For a democratic society, we need “free thinking individuals” who are willing to have open inquiry into all matters of knowledge, while also ensuring enough people learn the analytical skills (STEM) that is required to sustain modern society.

This sounds like a good starting point.I think a big part of this selection by students (in most cases, by parents in practice) is based on potential for a good paying job. I think the state will have to continue playing a major role in education to make sure this remains accessible to a large part of our society. If we simply let this be an option to make profits, we will lose out on human resources.

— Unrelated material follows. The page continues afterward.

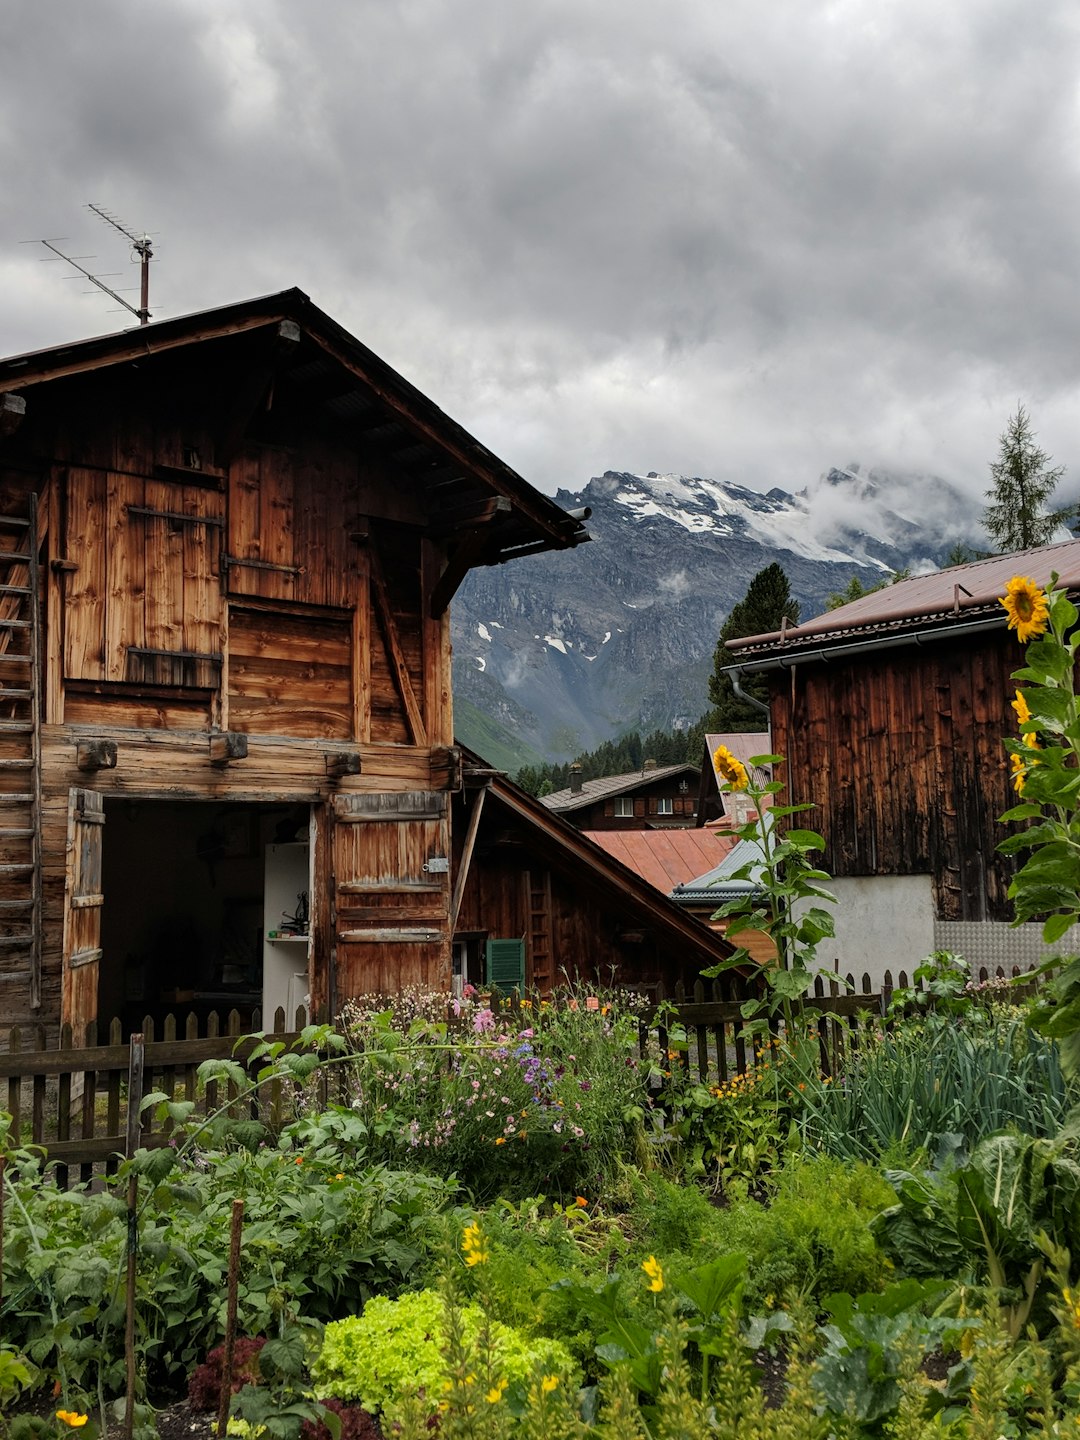 Log cabin photo spot Brunnen Zermatt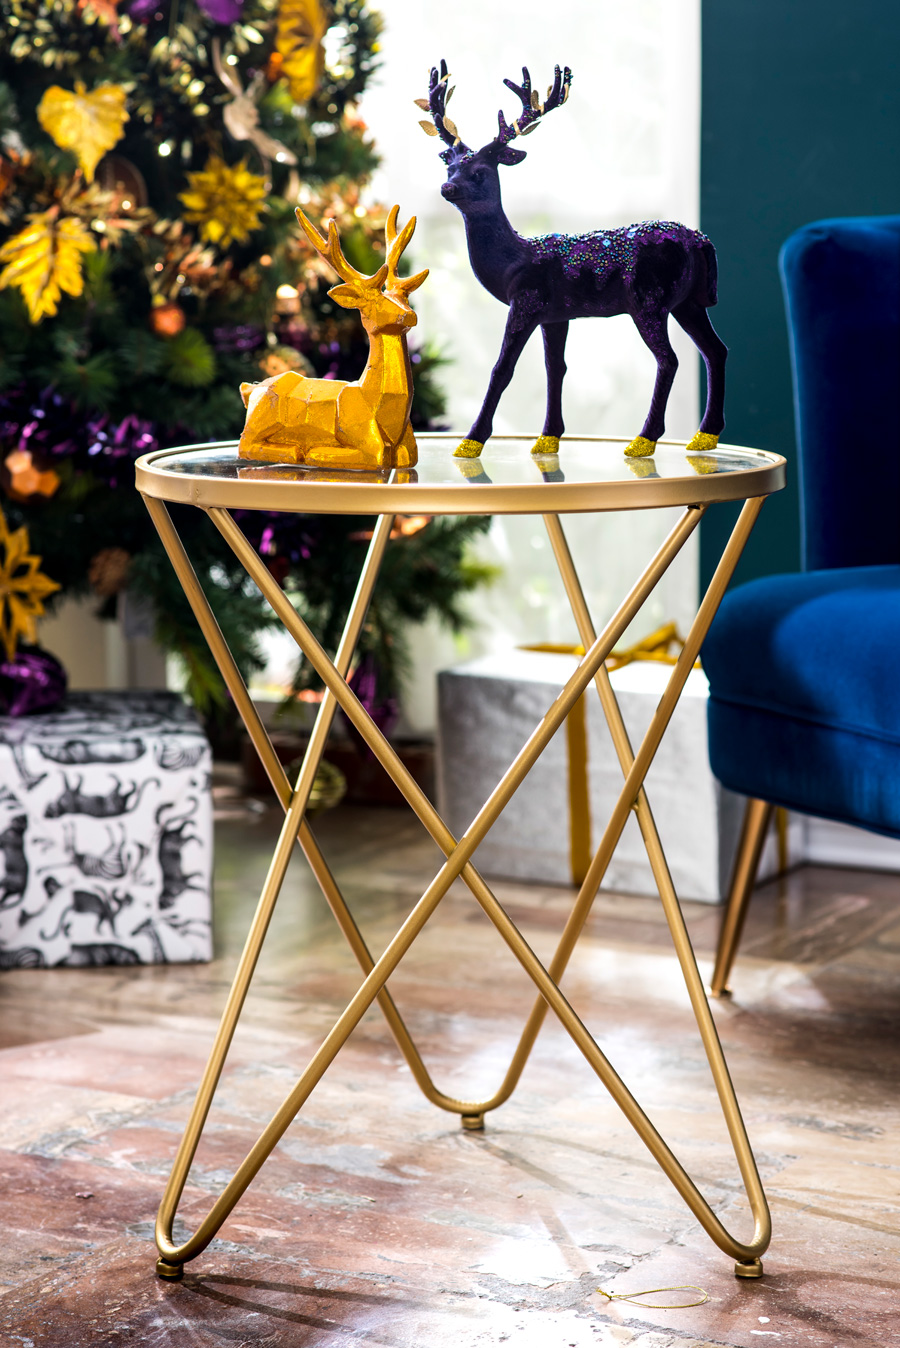 Renos de navidad morado y dorado sobre mesa de patas metálicas doradas

I don’t think we are in a position to fully go into a self-driven education system. This will reinforce the existing privileges as a lot of this curiosity depends on your parents and things available to you. So a large number of people will easily lose out.

I think the state will have to continue funding the infrastructure and increase its spending to raise the quality of our schools and teachers. Teachers should be paid more to incentivise smart people to choose teaching. I think in most cases, teaching is the last option when they can’t get an engineering or medicine job. Very few people actually choose teaching as their interest.

So a concrete policy would be, spend more on education and increase the quality (the money to fund this could be found from reducing the defence spending - though that will need us to end conflicts with our neighbours, which is going to be challenging). If we have peaceful boarders, we should be able to move defence spending elsewhere like education (and healthcare too).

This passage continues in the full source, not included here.